Of course we cannot always share details about our work with customers, but nevertheless it is nice to show our achievements and share some solutions.
Our monitoring informed me about a HTTP 500 error from a central reverse proxy running with Nginx. Checking the error logs revealed the following issue:
2019/05/09 08:43:35 [crit] 25655#0: *524505514 open() "/usr/share/nginx/html/50x.html" failed (24: Too many open files)
2019/05/09 09:04:27 [alert] 28720#0: *59757 socket() failed (24: Too many open files) while connecting to upstream,
This basically means that the Nginx process had too many files open, which could also be checked on the Nginx status page. Here the graph from check_nginx_status.pl:
The default is set to a limit of 4096 files per (worker) process, which can be seen in /etc/default/nginx:
# cat /etc/default/nginx
# Note: You may want to look at the following page before setting the ULIMIT.
# Set the ulimit variable if you need defaults to change.
# Example: ULIMIT="-n 4096"
However don't be fooled. Changing this file doesn't help.
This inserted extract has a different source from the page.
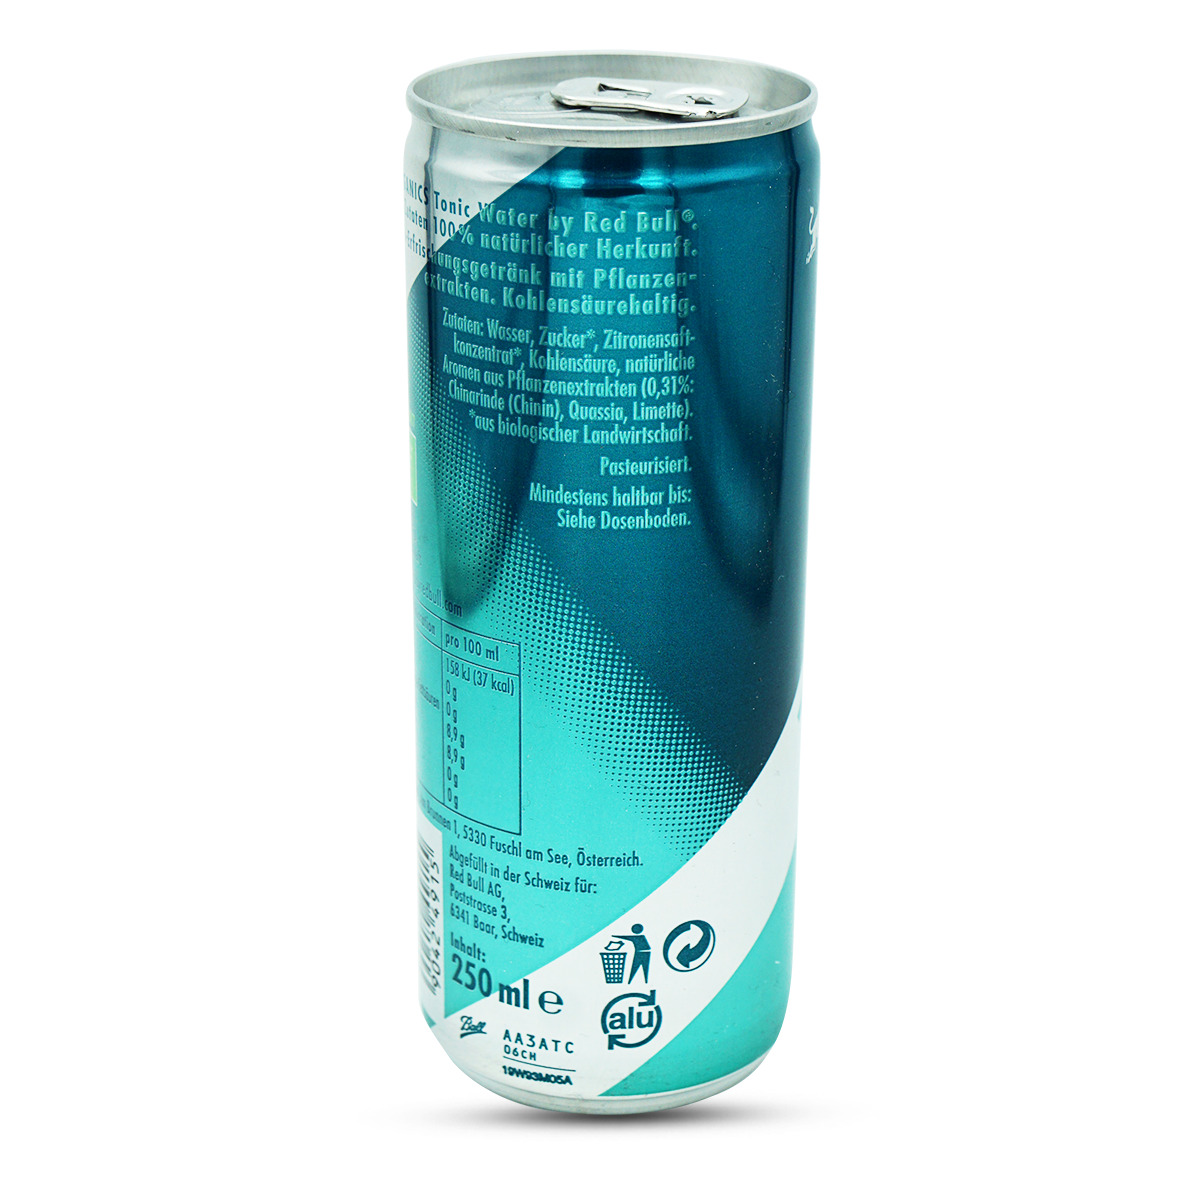 Organics by Red Bull Tonic Water
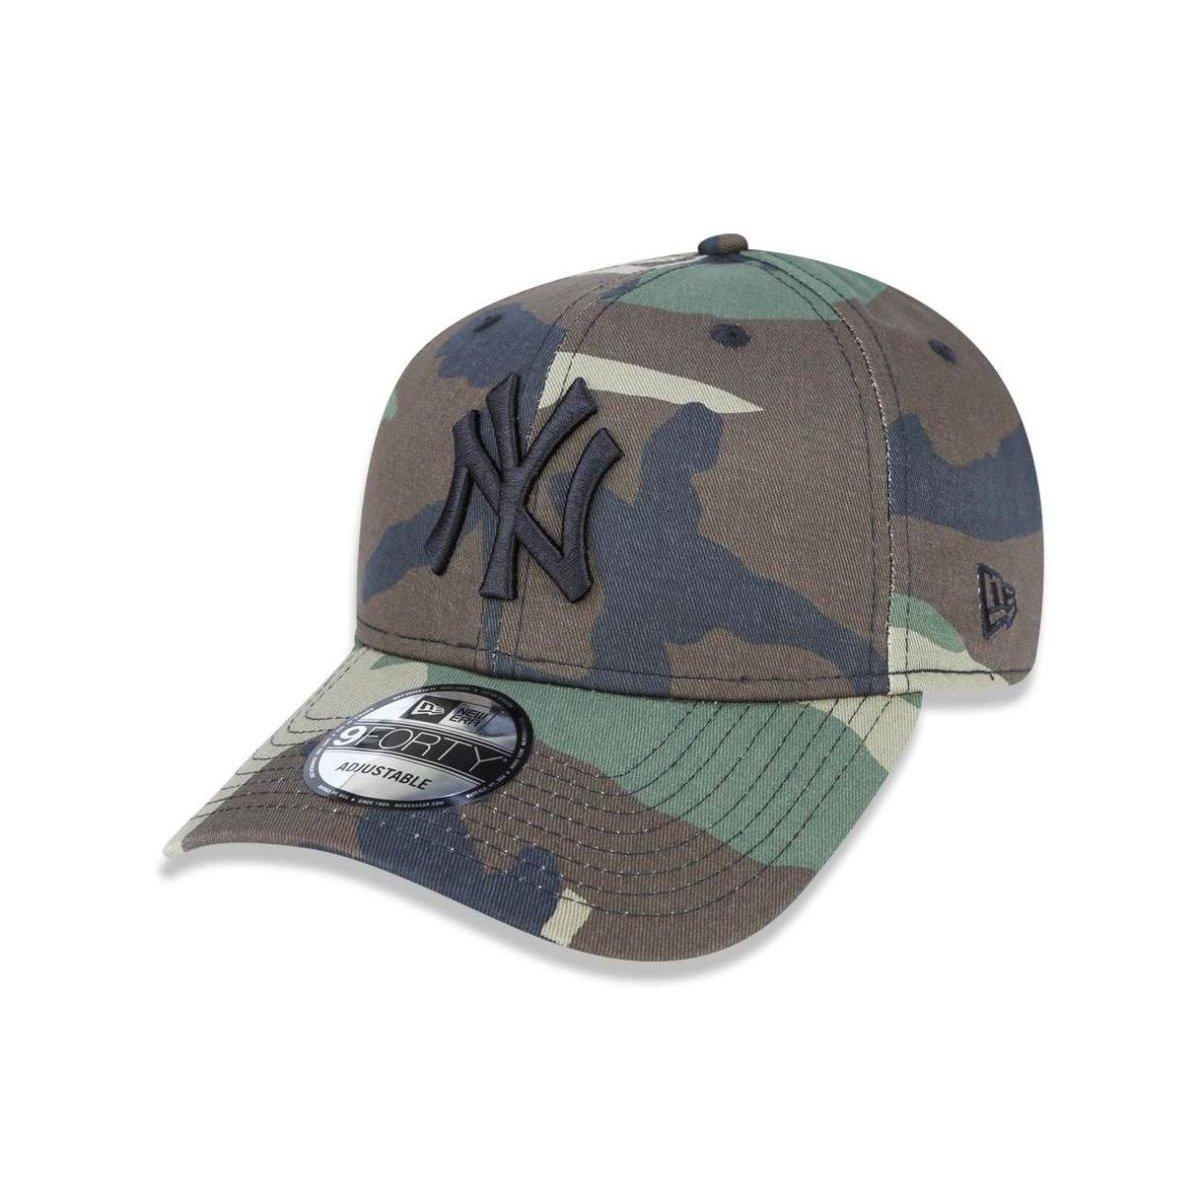 Boné New Era Aba Curva 940 Yankees Camuflado - Snapback - Compre Agora  b83556325c73c

Instead this needs to be set in /etc/security/limits.conf:
# tail /etc/security/limits.conf
#@faculty hard nproc 50
#ftp hard nproc 0
#ftp - chroot /ftp
#@student - maxlogins 4
# Added Nginx limits
nginx soft nofile 30000
nginx hard nofile 50000
# End of file
Here a soft limit of 30k and a hard limit of 50k files are defined per nginx process.
Note: I tried this here with www-data first (the user under which Nginx runs), but this didn't work. Although a user name could be used as a "domain" in this config file...
Additionally Nginx should be told how many files can be opened. In the main config file /etc/nginx/nginx.conf add:
# head /etc/nginx/nginx.conf
# 2019-05-09 Increase open files
After a service nginx restart the limits of the worker processes can be checked:
# ps auxf | grep nginx
root 7027 0.0 0.3 103620 13348 ? Ss 09:21 0:00 nginx: master process /usr/sbin/nginx
www-data 7028 8.6 1.0 127900 40724 ? R 09:21 2:37 \_ nginx: worker process
www-data 7029 8.9 1.0 127488 40536 ? S 09:21 2:44 \_ nginx: worker process
www-data 7031 9.5 1.0 127792 40896 ? S 09:21 2:53 \_ nginx: worker process
www-data 7032 8.1 1.0 128472 41244 ? S 09:21 2:29 \_ nginx: worker process
# cat /proc/7028/limits | grep "open files"
Max open files 30000 30000 files
The "too many open files" errors disappeared from the Nginx logs after this change.
But what did cause this sudden problem? As you can see in the graph above this Writing (and Waiting) connections suddenly sharply increased. It turned out that an upstream server behind this reverse proxy did not work anymore and this particular virtual host received a lot of traffic, causing general slowness and holding files open while waiting for a timeout from Nginx (504 in this case).